Ночь была бы невыносимо душной, если бы не приятный лёгкий ветерок, развевавший тонкую кисею в проходе балкона. Из сада доносился умиротворяющий хор цикад. Наполнив чашу разбавленным вином, Каэб вышел на балкон и расположился в плетёном кресле, с наслаждением вытянув ноги и хвост. Наконец-то благодатная тишина! Только ненавязчивый стрекот да шелест ветвей в саду, раскинувшемся внизу.
Своим садом Каэб чрезвычайно гордился и считал, что тот мало чем уступает садам во дворце Владыки – разве что размерами. Но зато растения сюда привозились со всех уголков Империи, и садовники получали щедрое жалование, чтобы содержать всё это великолепие в гармонии. Идеальное место отдохновения, самое любимое из его поместий – здесь можно было скрыться от тягот придворной жизни. Хорошо, что в его обязанности не входило сопровождение царской четы в Дельту. Это, безусловно, высокая честь, но тоже утомительно. Да и не хотелось лишний раз быть на глазах у Владыки, особенно в Разлив, когда тот пребывал на пике своей Силы. Эмхет, конечно, не читали мысли приближённых – это были сказочки для народа, – а всё же знали, чуяли гораздо больше, чем другие. И потому о сделанном Каэб в присутствии Императора старательно не думал – ни к чему звать беду. Да и сейчас думать не хотел.
Он прикрыл глаза, катая вино на языке, смакуя тонкий вкус. Хороший был урожай – Боги благоволили им в тот год. Продолжали Они благоволить и теперь. Всё к лучшему. Всё ровно так, как должно быть. А скоро их общие усилия принесут желанные, долгожданные плоды…

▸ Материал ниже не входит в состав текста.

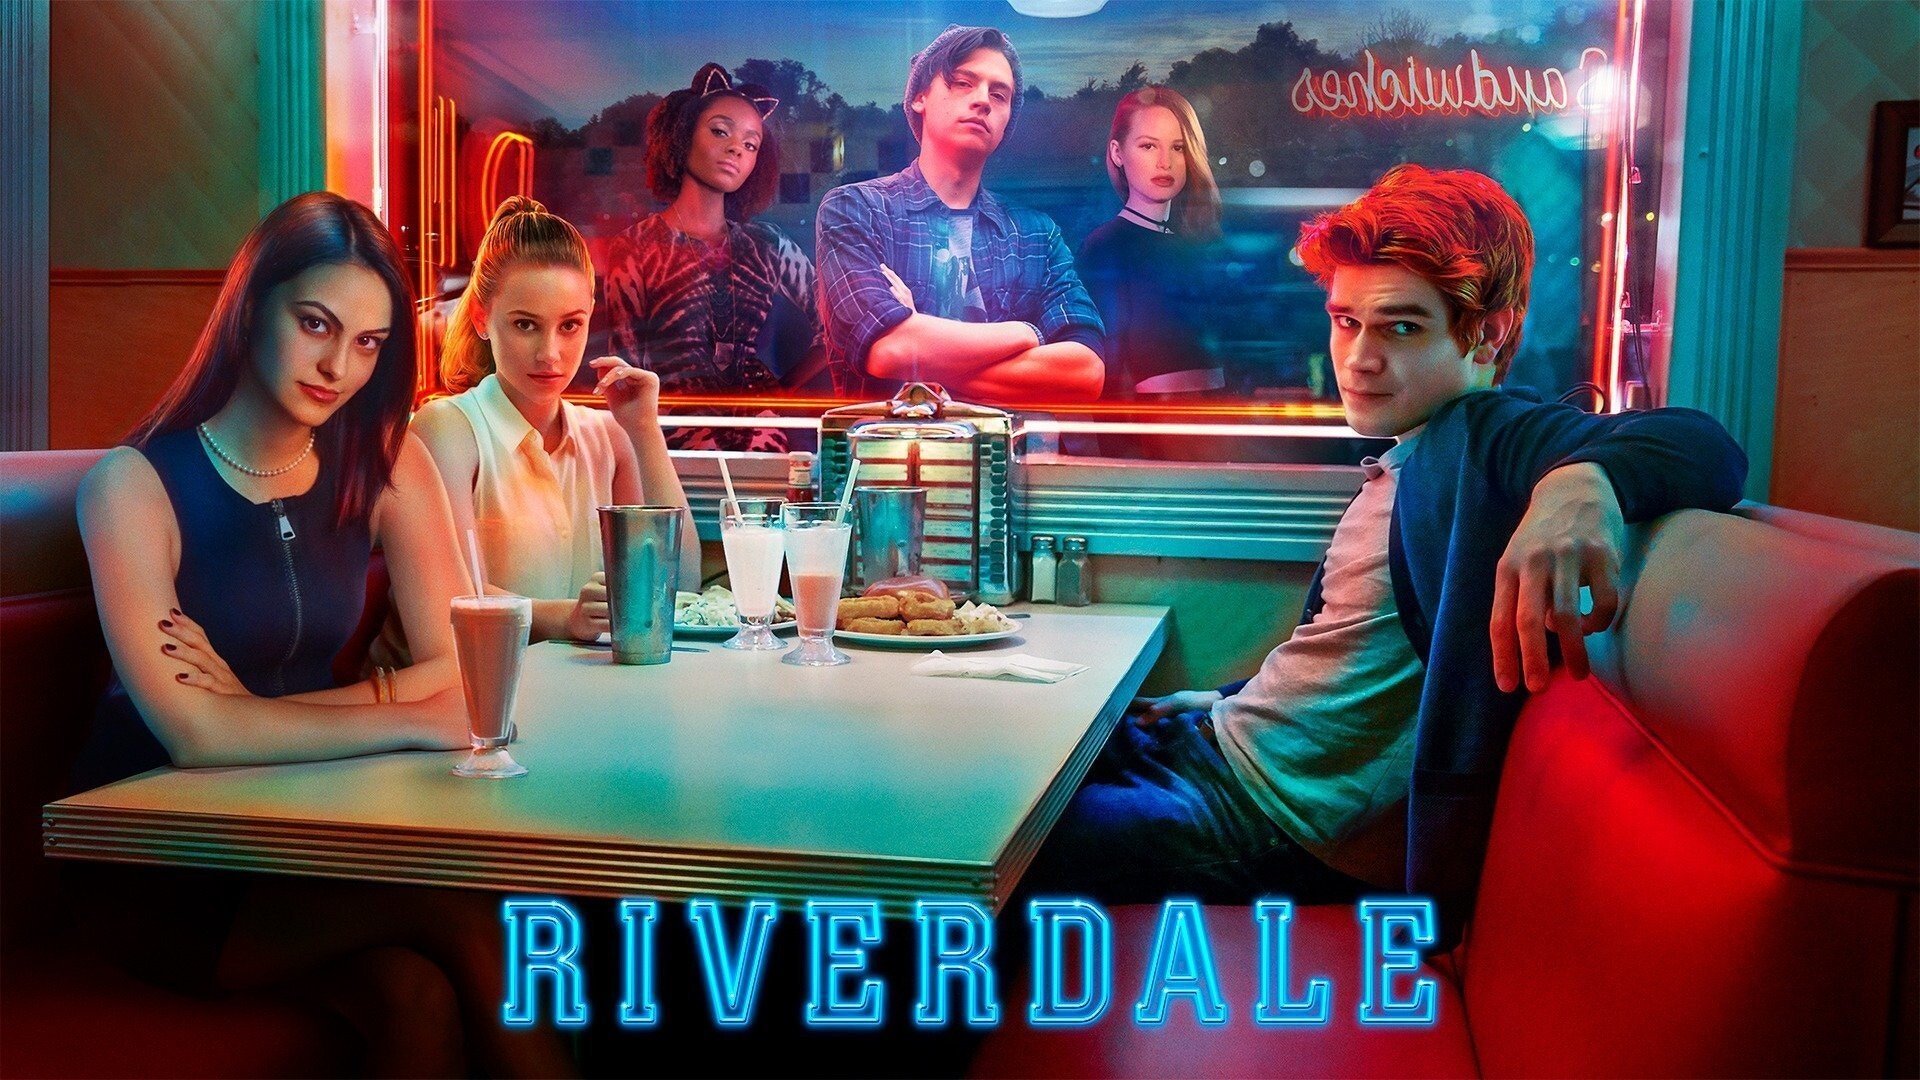 Riverdale (TV Series): The jock Archie, The girl next door Betty, The new girl Veronica, The outcast Jughead. 1920x1080 Full HD Wallpaper.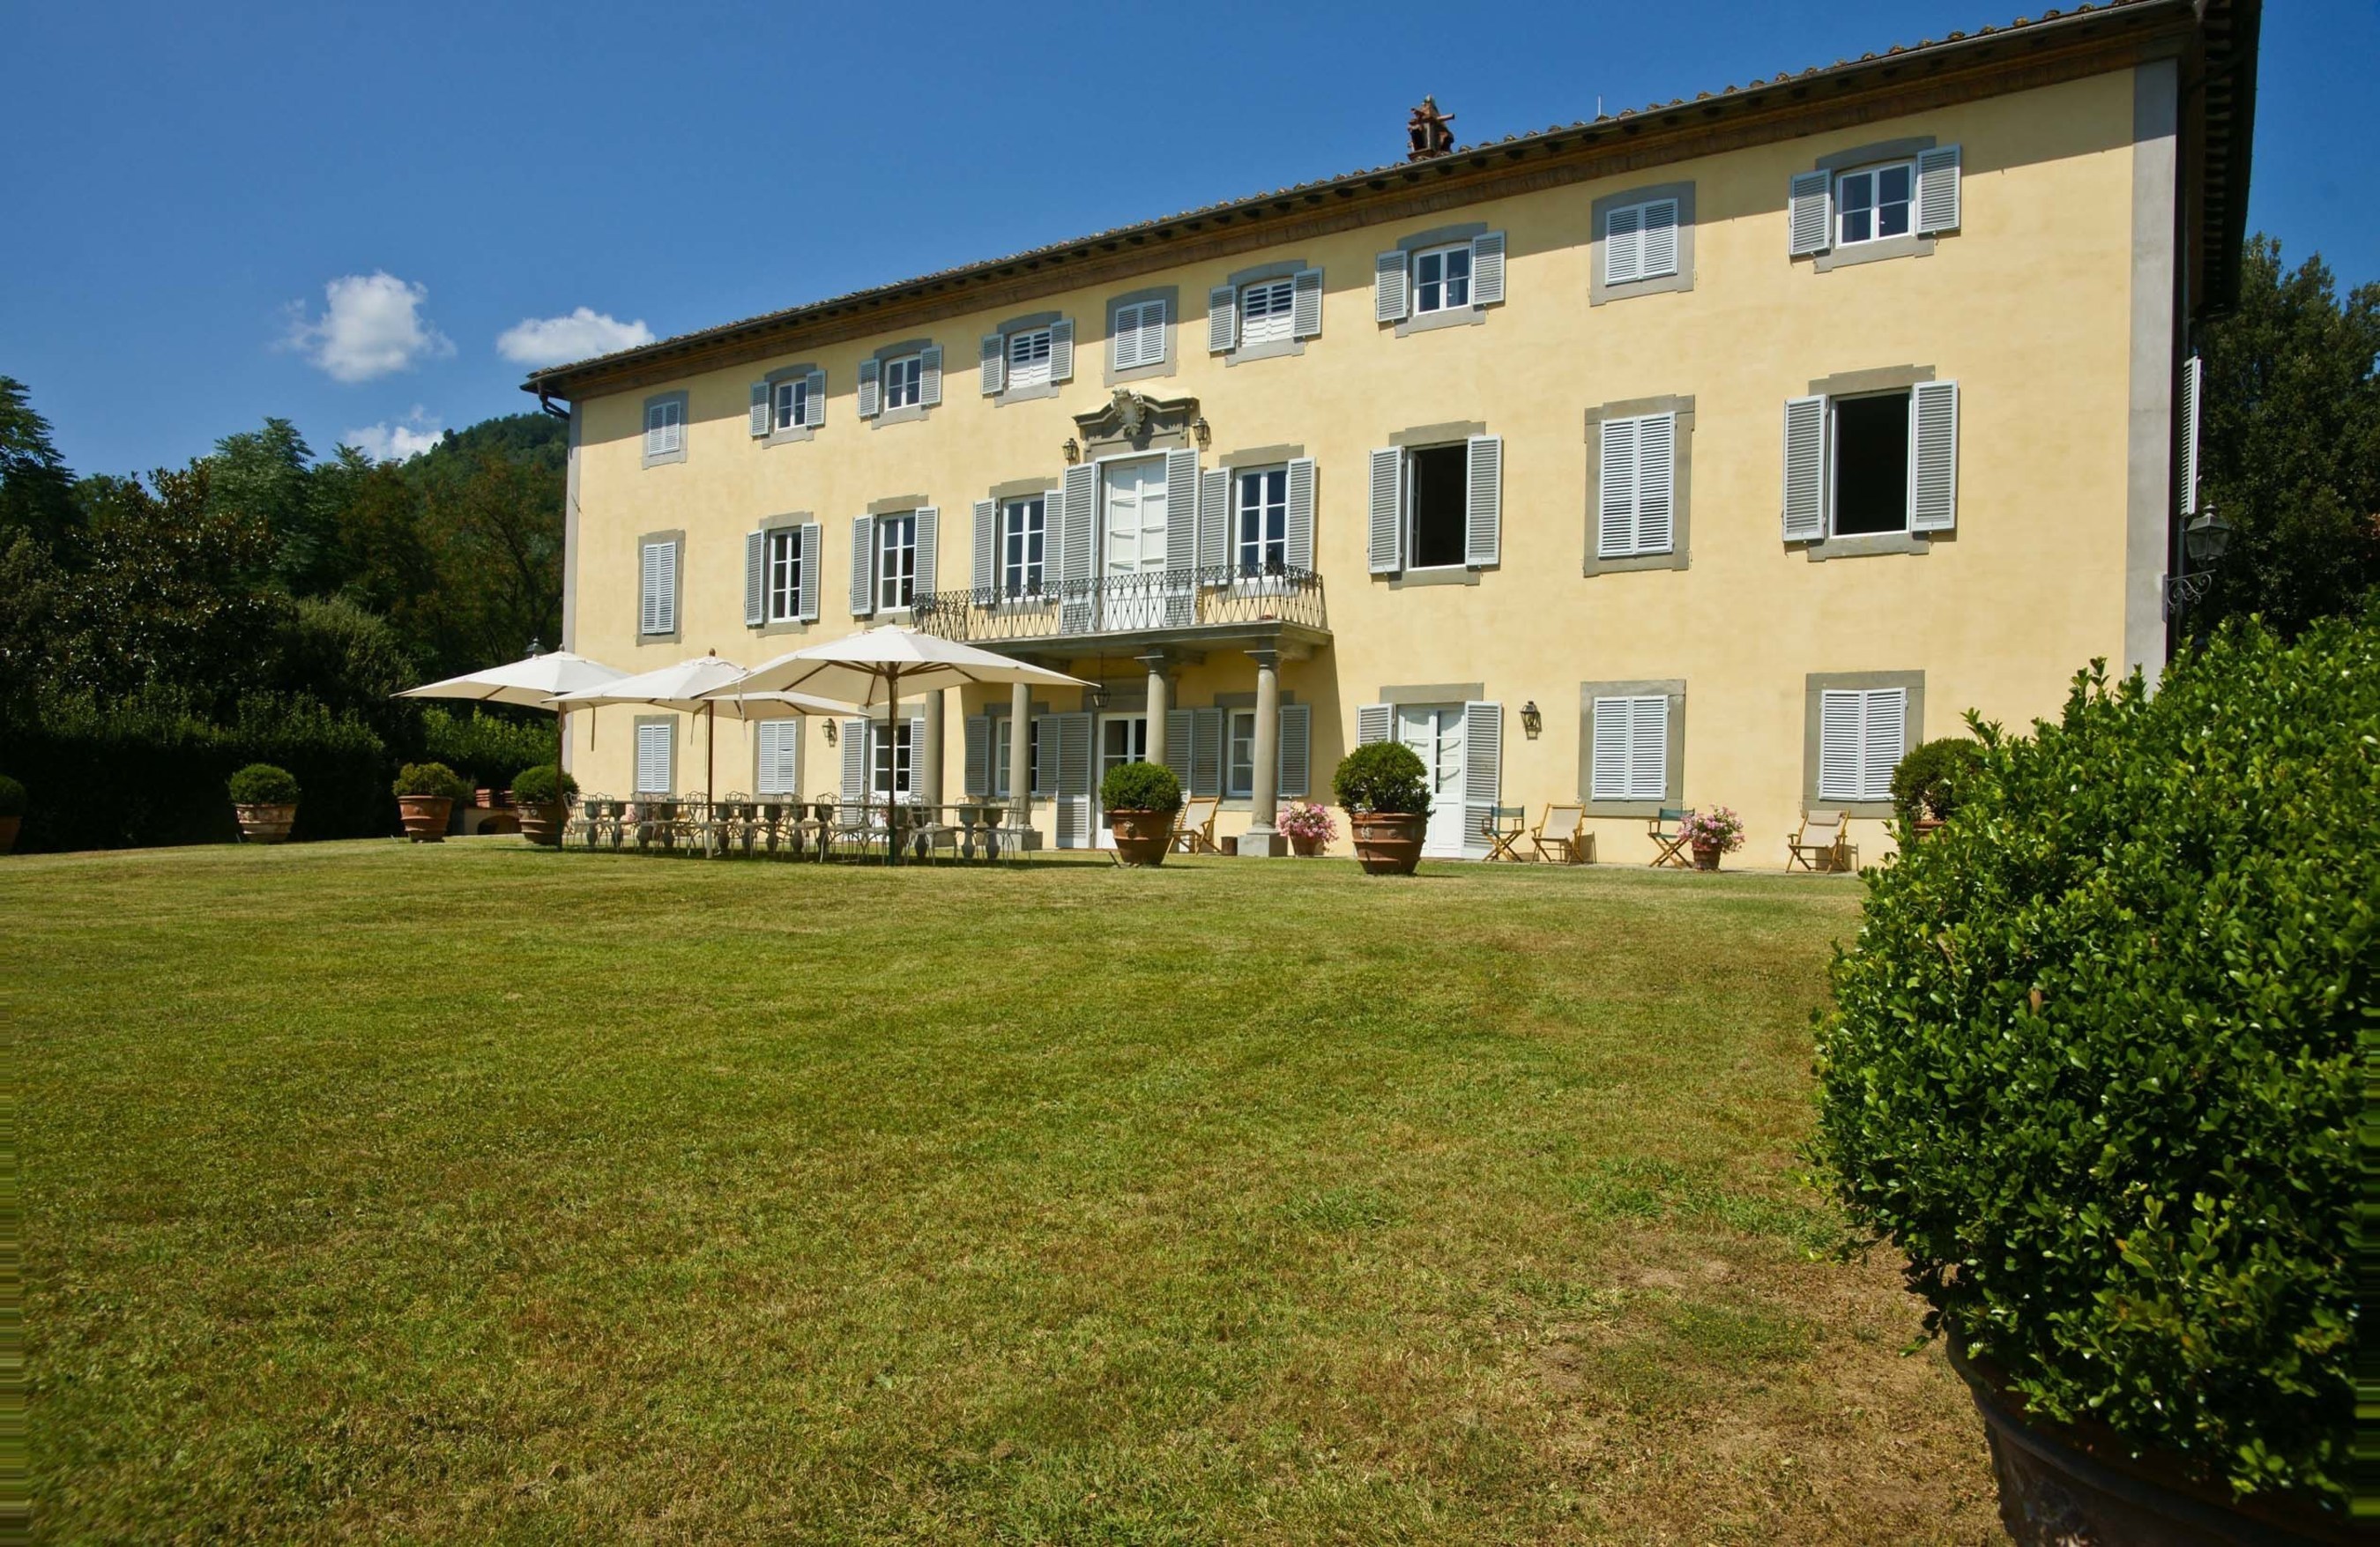 Carla hosts guests at this 18th Century Villa located just outside the rolling hills of Lucca, Italy.

В следующий миг Каэбу показалось, что светильник в комнате мигнул – словно кто-то прошёл мимо, на мгновение закрыв собой скудный свет. Мужчина открыл глаза, прислушался. Слуг он отпустил отдыхать, да никто бы и не стал подниматься к нему в покои в такой час. Нет, показалось.
Он оглянулся через плечо.
Чья-то тень отчётливо проступила на фоне белых занавесей, пропускавших тусклый золотистый свет. От неожиданности Каэб едва не выронил чашу. Странное неприятное предчувствие, граничащее со страхом, поднялось в нём. Кинжал остался у ложа, в изголовье, – в собственном имении ему нечего и некого бояться. Кликнуть стражу? Глупо, не станут же они охотиться за тенями.
В горле пересохло, но вина больше не хотелось.
– Покажись, – тихо приказал Каэб, заставив свой голос звучать твёрдо. – Сейчас же.
Лёгкий ветерок волновал занавеси, но из комнаты, разумеется, никто не вышел.
А потом светильник в его покоях вдруг погас.
Должно быть, масло кончилось… или порыв ветра погасил язычок пламени? По-прежнему не раздавалось ни звука – только сады дышали ночной тишиной, которая сейчас отчего-то казалась не умиротворяющей, а зловещей. Страх приходил из темноты его собственного дома, расползался тленом, холодил кости.
Сделав над собой усилие, мужчина поставил чашу у кресла и поднялся. Ноги держали плохо. Он напомнил себе о достоинстве, о своём положении. Негоже главе древнего вельможного рода бояться непонятно чего! Каэб решительно раздвинул занавеси и шагнул во мрак.
У его ложа возвышалась тень. И хотя мужчина едва различал очертания незваного гостя, страх усиливался.